── Collected material ──

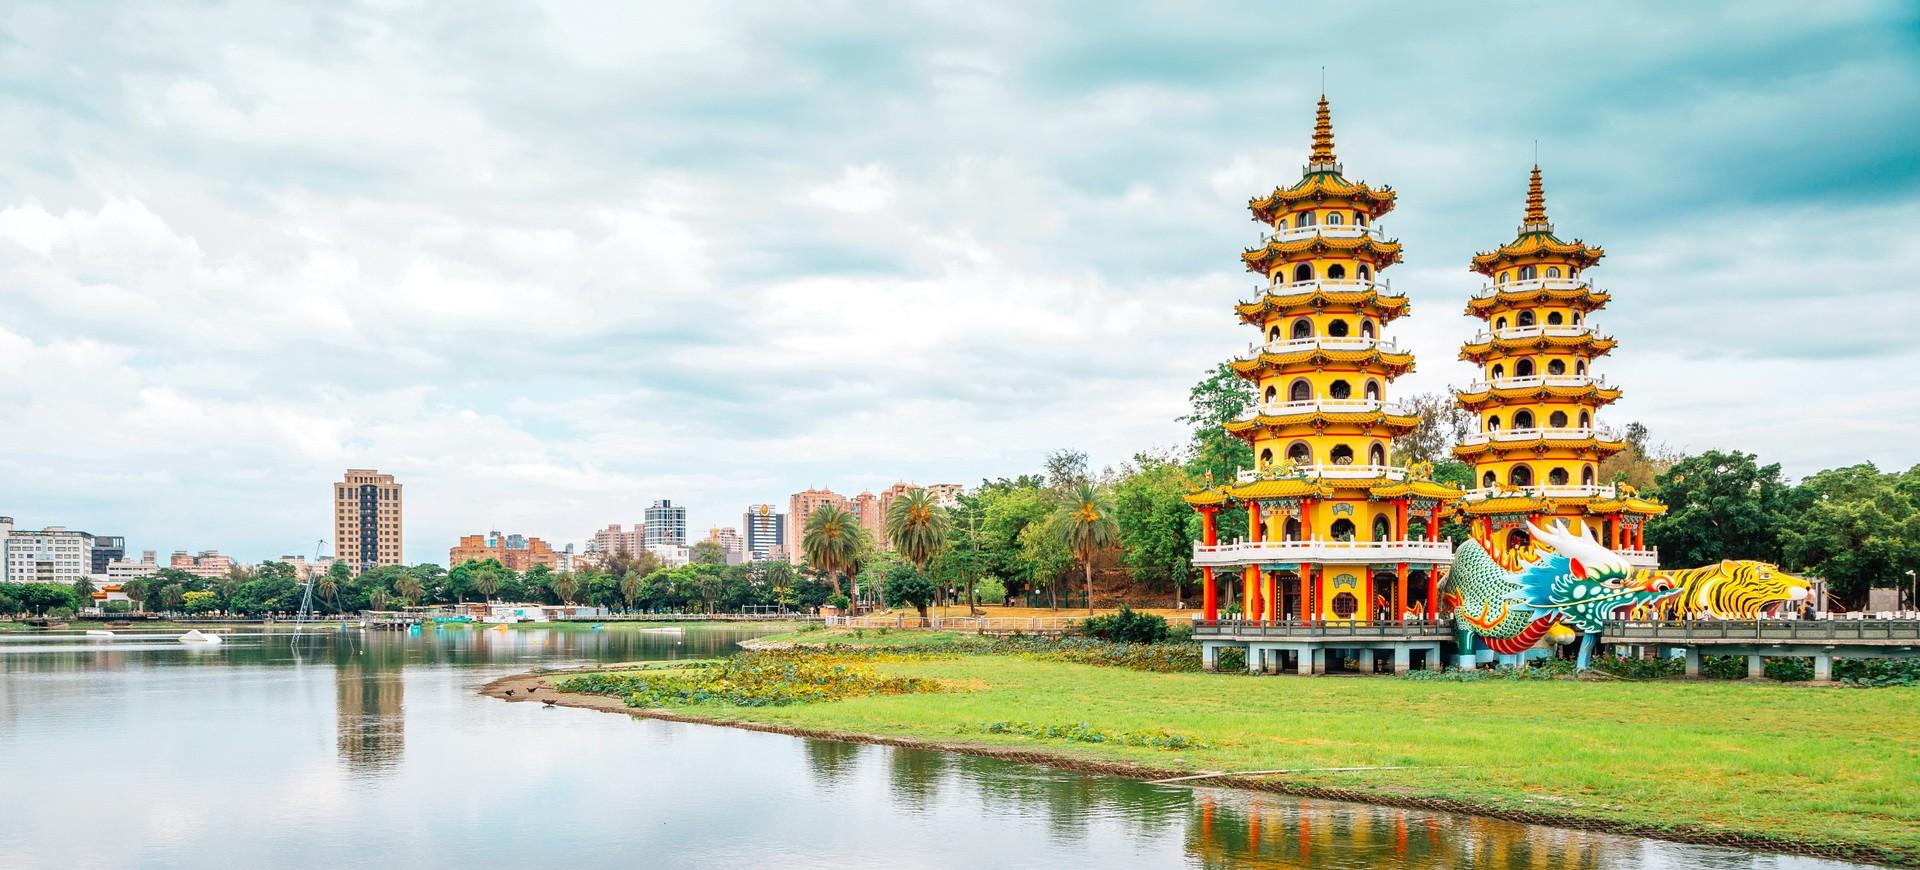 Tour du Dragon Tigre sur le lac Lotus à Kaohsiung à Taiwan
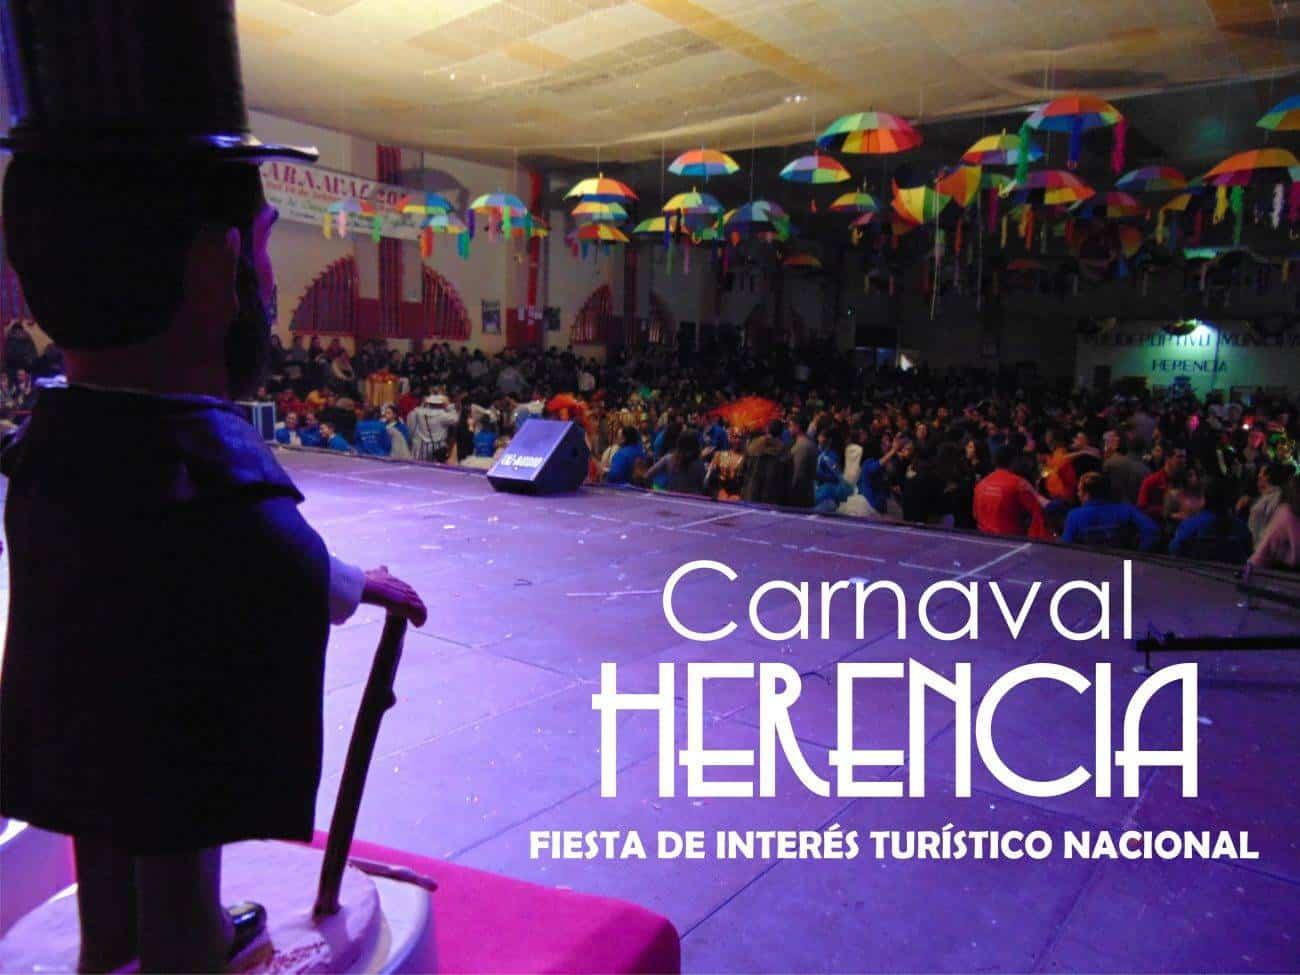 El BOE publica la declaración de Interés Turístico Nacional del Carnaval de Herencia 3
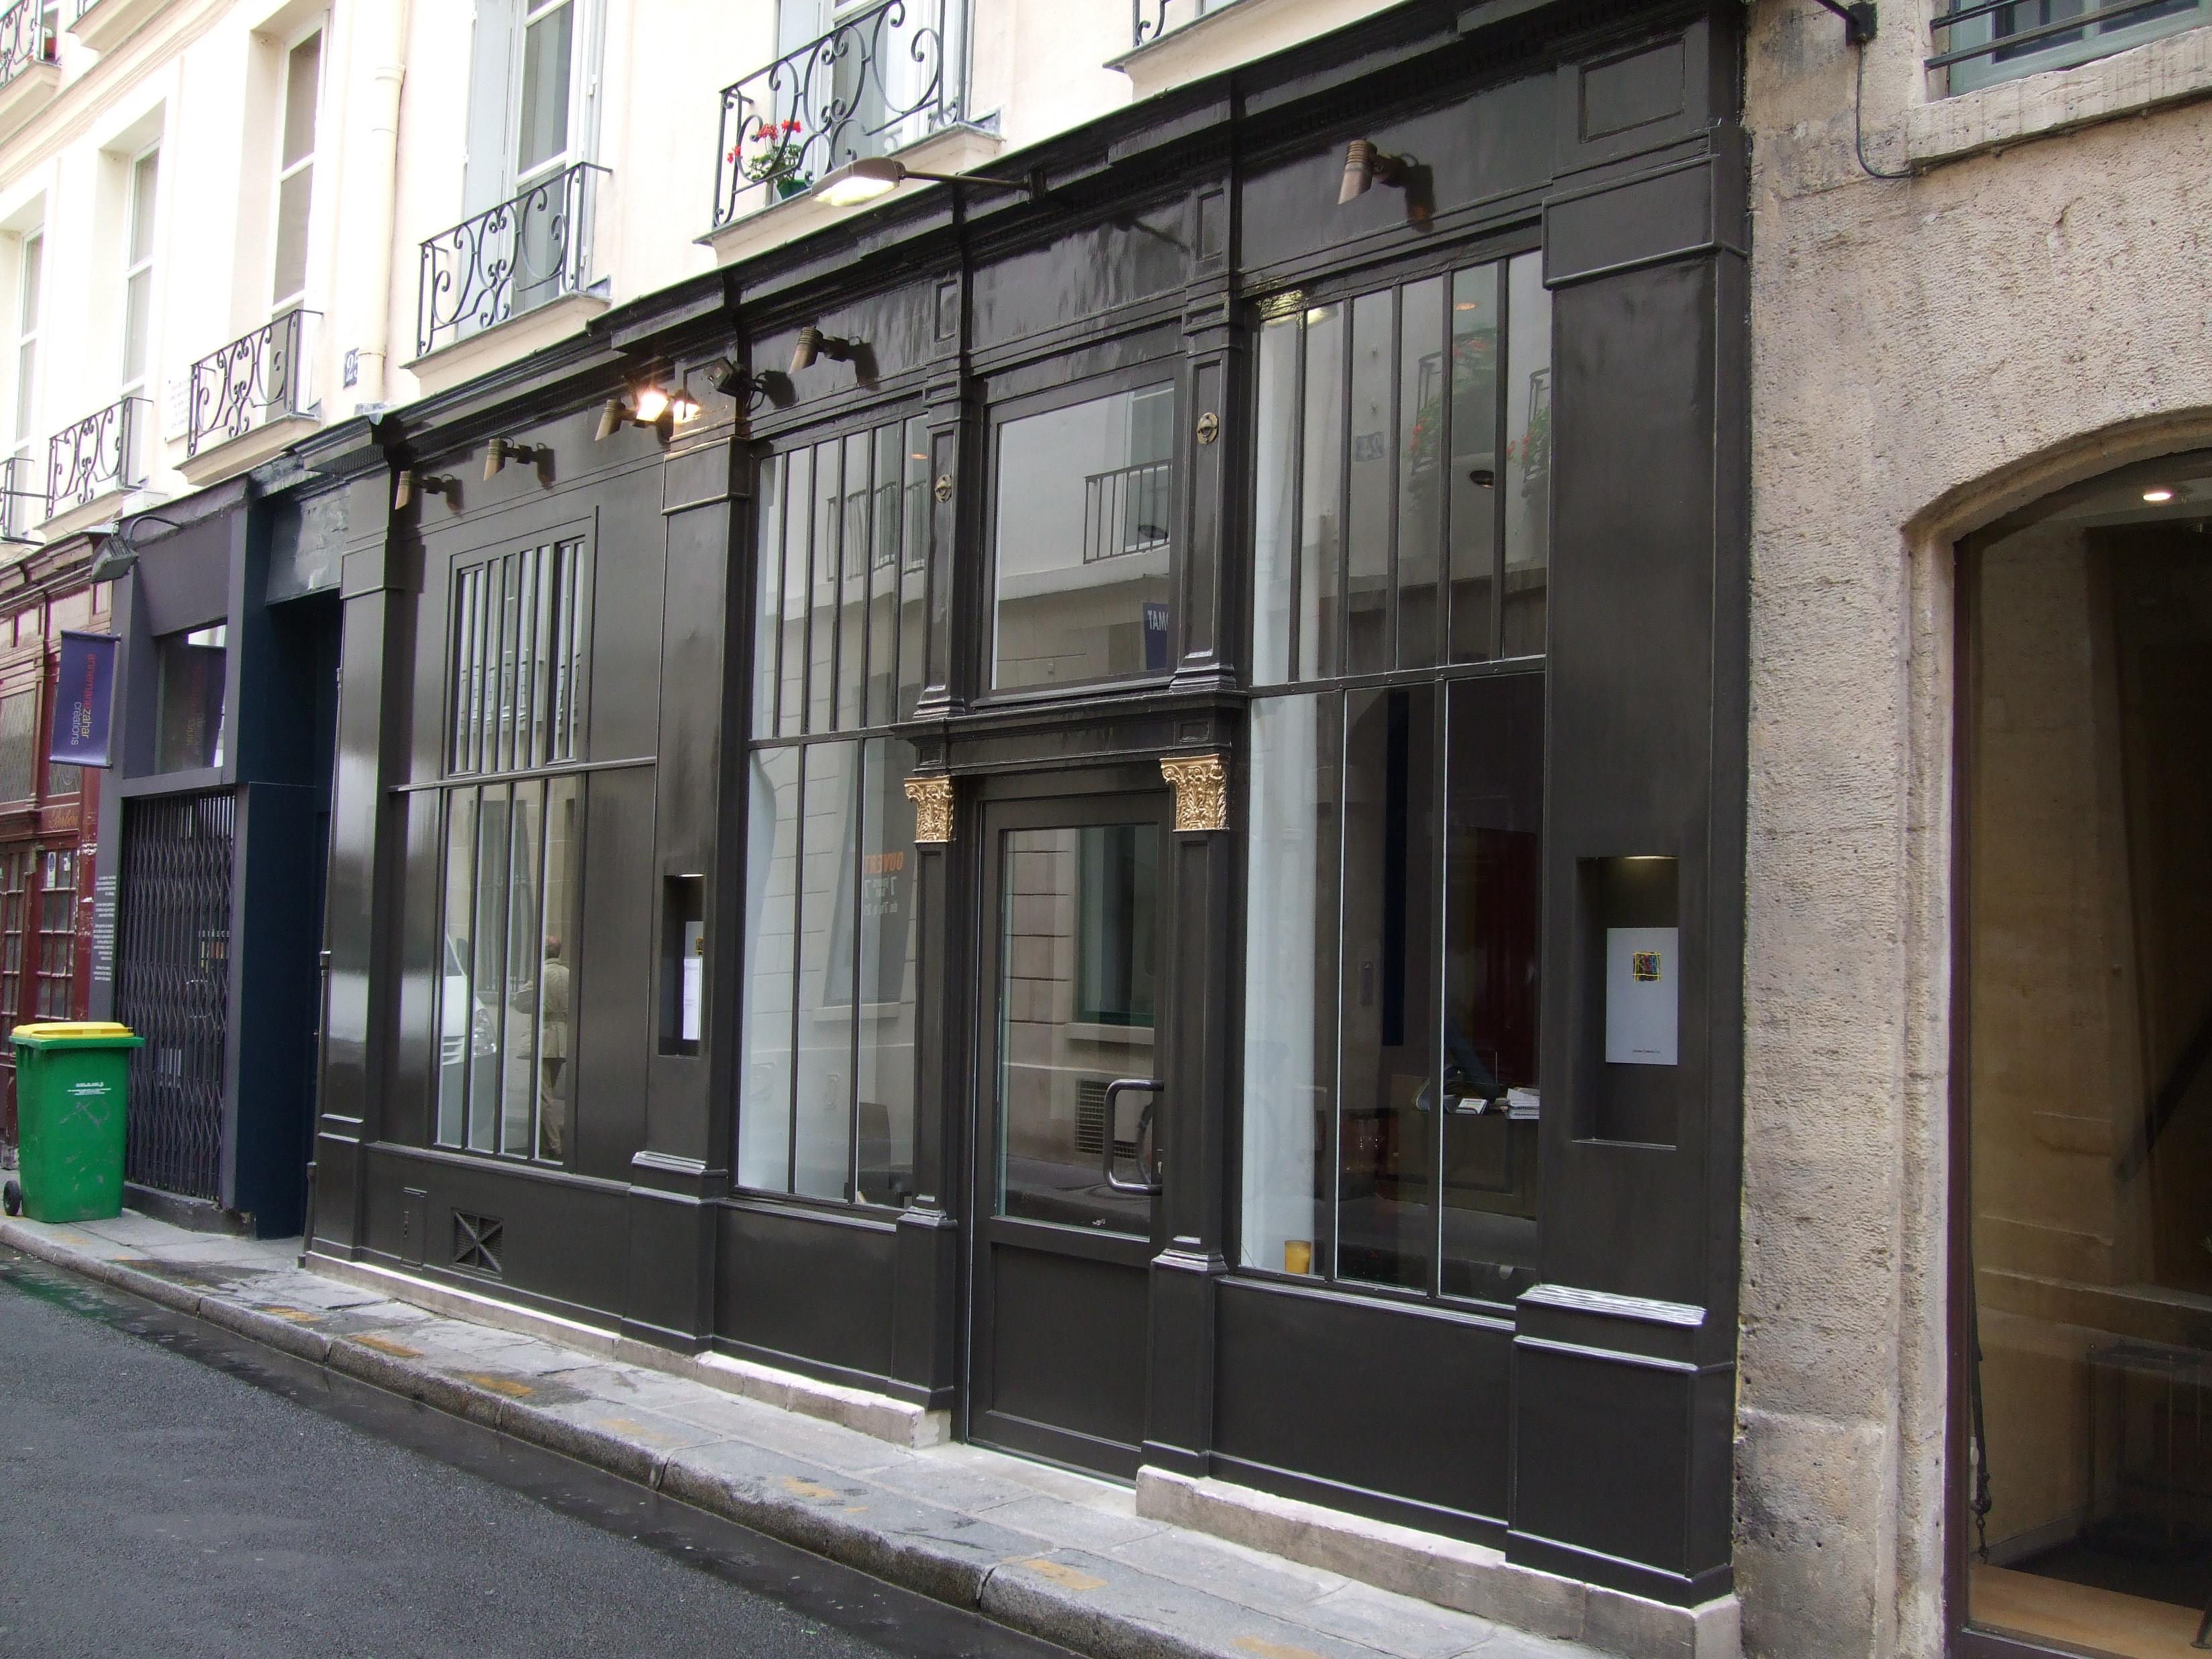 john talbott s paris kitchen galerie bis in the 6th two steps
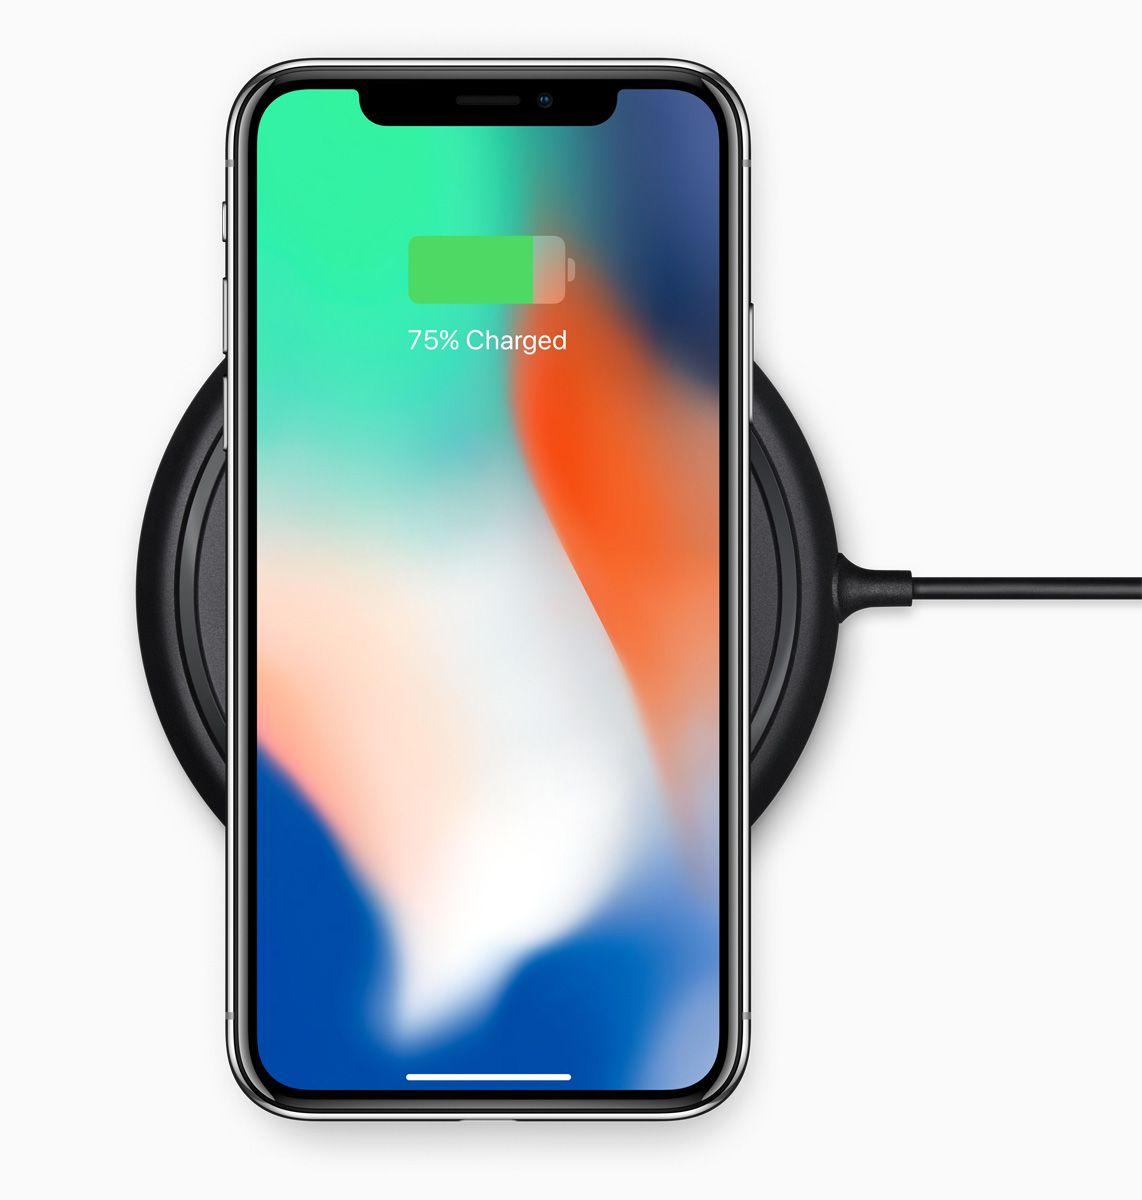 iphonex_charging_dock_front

───

• Work order: Repeat the listing word for word, omitting the pictures.

• Result of this exercise:
 Tour du Dragon Tigre sur le lac Lotus à Kaohsiung à Taiwan
 El BOE publica la declaración de Interés Turístico Nacional del Carnaval de Herencia 3
 john talbott s paris kitchen galerie bis in the 6th two steps
 iphonex_charging_dock_front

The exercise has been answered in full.